# Looking For Some Harder To Find Parts: Atlas 12"



## ZZYL-Vulcan (Dec 7, 2015)

Hi,
So in this rebuild process I have discovered there were a couple missing parts. One is the shim in the Apron (pat 10F-85). The lathe worked fine when I took it apart, but there is no shim, and the parts diagram calls for one. Any guidance on that subject? Also I am trying to find a part number for the screws that hold the rack on the bed. I broke on during disassembly and don't see a part number on the exploded diagram. Also, What does the plunger in the apron do exactly? The spacer near the top of the plunger is missing, I have already odered a replacement, but I don't understand the operation of that spring, spacer, and plunger. I've gathered the plunger contacts the split nut scroll, but to what end? I would be grateful for any help!

Regards,

Vulcan


----------



## AnthonyTVA (Dec 8, 2015)

The shim looks like it would be .002 or .003 and can still be bought from Sears:
http://www.searspartsdirect.com/part-number/711-005/0009/101.html
http://www.searspartsdirect.com/part-number/711-006/0009/101.html

If you have the model number, you may be able to find the screws by searching the site:
http://www.searspartsdirect.com/model-part/10128990/0247/0728000/00023736/00004.html

You might also try Clausing Industrial:  http://vintagemachinery.org/pubs/51/3400.pdf

It looks like they have a lot of the Atlas parts, but I am not sure from your description what screws you are talking about exactly.


----------



## wa5cab (Dec 8, 2015)

Vulcan,

What model is your lathe?  Judging by your use of part number 10F-85 and your mention of the plunger and spacer, I would assume 101.07403, 27430 or 27440.  It will maybe reduce the possibility of confusion if you refer to them as Craftsman 12" which partially differentiates them from the later 1/2" bed 12" machines.  In any case, I have been told that the plunger, spring and spacer were an interlock to prevent simultaneous engagement of the carriage feed and the cross feed.  They were either never used on the Atlas 10F or were dropped after 1957.  And were not used on the 1/2" bed machines.  Personally, I would not bother to install them.  Atlas may have been forced by Sears to add them.  The person who did the forcing either died, retired or got fired.  And when Atlas redesigned the 12", they were not included.  They aren't necessary.

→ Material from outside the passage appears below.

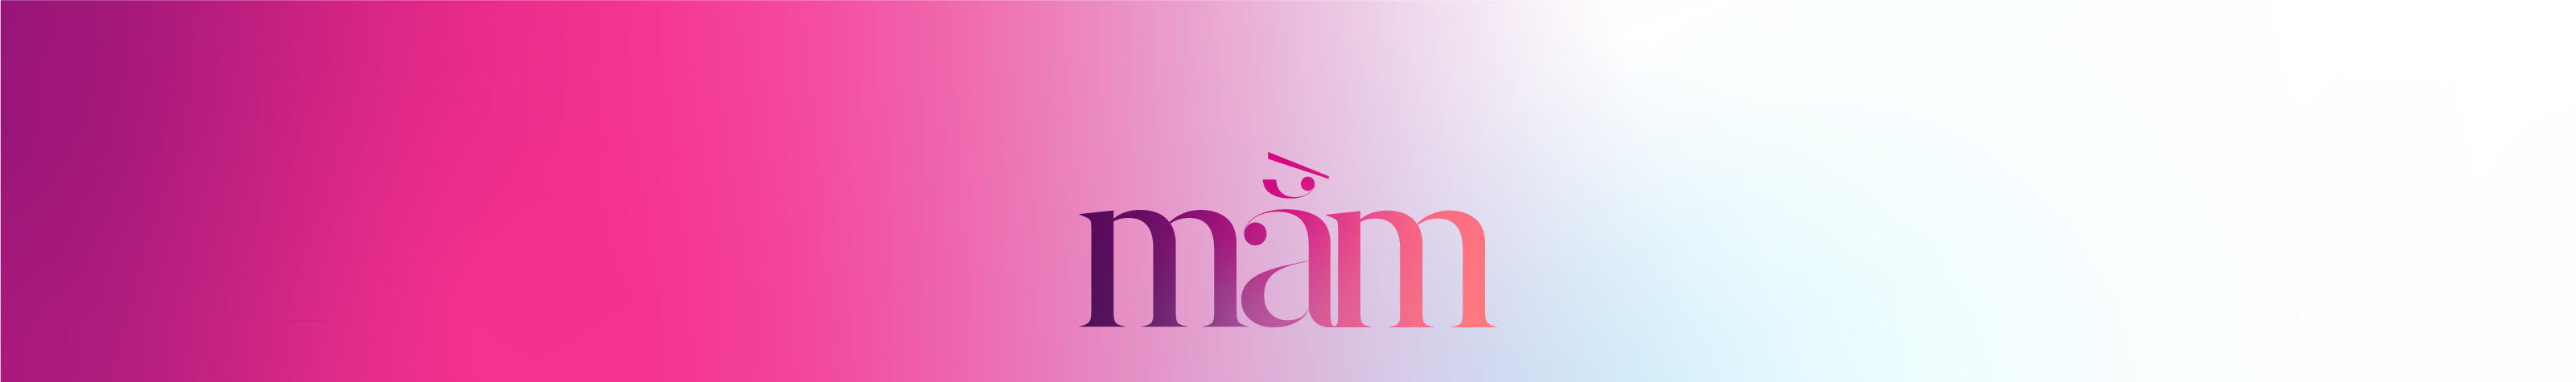 Mam Possible's profile banner

The screws that attach the rack to the bed are #8-32 x 1/2" Fillister Head Machine Screws.

The part number of Shim 10F-85 was changed by Clausing to 711-005 (0.002"), 711-006 (0.003") and 711-046 (0.010").  This is a select upon assembly item and it is possible that your machine did not need any.  It isn't clear whether the shims were for lead screw alignment or miter gear running clearance.To check, assemble, install and adjust the saddle without the apron.  Install the miter gears, bearing and collar on the apron and check that the gears turn freely without cogging.  If not, add shims.  Hang the apron on the carriage and slide the carriage down near the tailstock end.  Install the lead screw but don't tighten the screws attaching the right lead screw bearing to the bed.  Push the lead screw against the bed and confirm that doing so doesn't put it in a bind in the miter gear.


----------



## AnthonyTVA (Dec 8, 2015)

The 1975 manual for the Atlas 12":  http://wiki.hive13.org/images/b/be/Atlas_Lathe_12_3996_manual.pdf

They always list two sizes for the shim. Is this for manufacturing variations in the other parts, or a suggestion for replacement of worn parts?  I noticed that Clausing sells these same shims in several other thicknesses which would make me think they compensate for wear.  Does everything still snug up without using them?  Would they have served the purpose of reducing noise/vibration?


----------



## AnthonyTVA (Dec 8, 2015)

wa5cab said:


> This is a select upon assembly item and it is possible that your machine did not need any.  It isn't clear whether the shims were for lead screw alignment or miter gear running clearance.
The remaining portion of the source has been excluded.